Scientific classification
- Kingdom: Animalia
- Phylum: Chordata
- Class: Aves
- Order: Passeriformes
- Family: Parulidae
- Genus: Vermivora
- Species: V. cyanoptera
- Binomial name: Vermivora cyanoptera Olson & Reveal, 2009
- Synonyms: Vermivora pinus; Helminthophila pinus;

= Blue-winged warbler =

- Genus: Vermivora
- Species: cyanoptera
- Authority: Olson & Reveal, 2009
- Conservation status: LC
- Synonyms: Vermivora pinus, Helminthophila pinus

Species of bird

The blue-winged warbler (Vermivora cyanoptera) is a fairly common migratory New World warbler, 11.5 cm long and weighing 8.5 g.
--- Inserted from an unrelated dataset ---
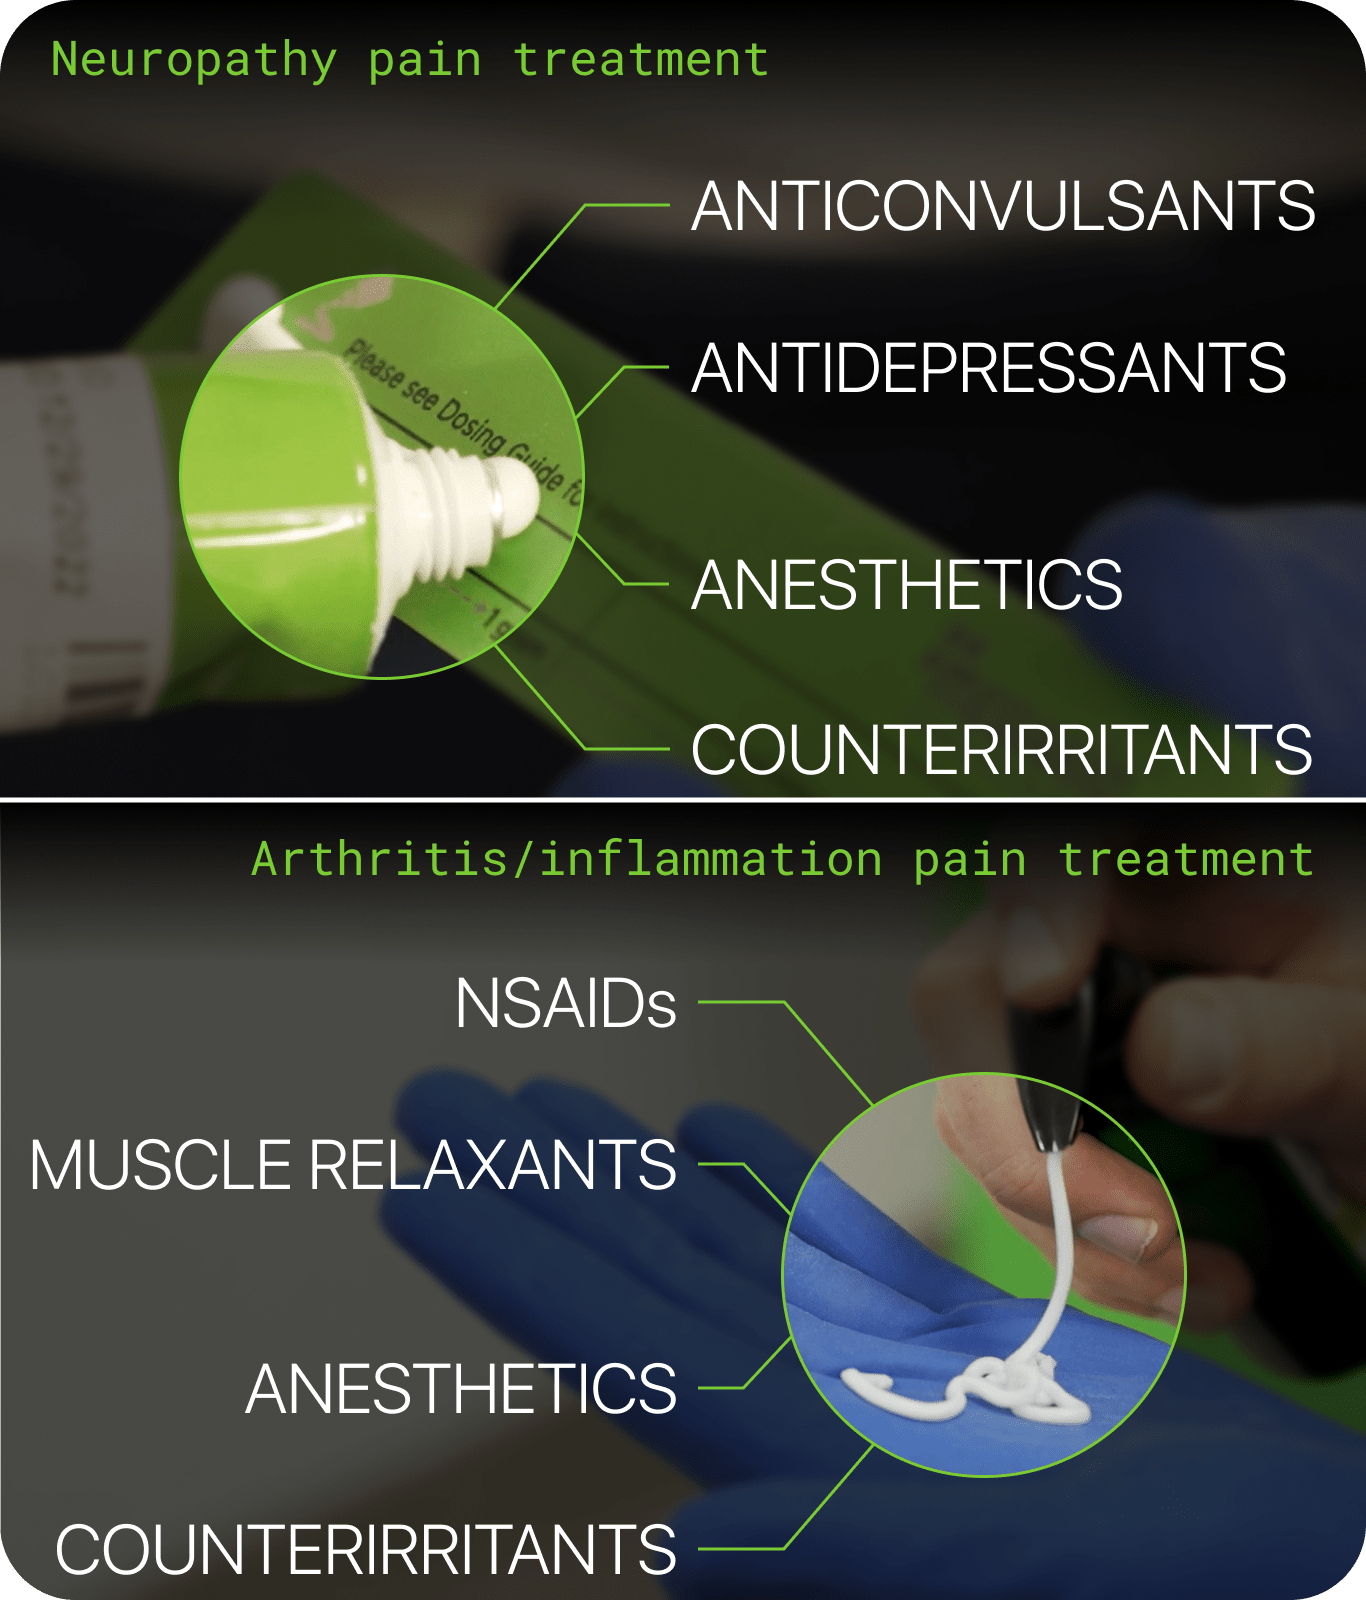 Examples of pain management cream formulations

It breeds in eastern North America in southern Ontario and the eastern United States and winters in southern Central America. Its breeding range is extending northwards, where it is replacing the very closely related golden-winged warbler (Vermivora chrysoptera).

== Taxonomy ==
In 1766 the Swedish naturalist Carl Linnaeus described a new species in the twelfth edition of his Systema Naturae under the binomial name Certhia pinus. Linnaeus based his entry on the "pine-creeper" that had been described and illustrated by the English naturalists Mark Catesby in 1731 and George Edwards in 1760. Edwards had doubts as to whether his specimen was the same species as illustrated by Catesby and included as a footnote "On a stricter examination I think it a species different from Catesby's". Edwards' etching actually depicted a blue-winged warbler so that Linnaeus's name applied to both the pine warbler and the blue-winged warbler. In 1810 the American ornithologist Alexander Wilson redescribed the blue-winged warbler under the binomial name Sylvia solitaria. Unfortunately, this name was pre-occupied as it had been used in 1808 by John Lewin for the rockwarbler, now Origma solitaria in the Australian warbler family Acanthizidae. In 2009 Storrs L. Olson and James L. Reveal proposed the replacement name, Vermivora cyanoptera, for the blue-winged warbler. This replacement has been accepted by other ornithologists. The blue-winged warbler is now placed in the genus Vermivora that was introduced in 1827 by the English zoologist William Swainson. The genus name combines Latin vermis meaning "worm" with -vorus meaning "-eating". The species is monotypic: no subspecies are recognised.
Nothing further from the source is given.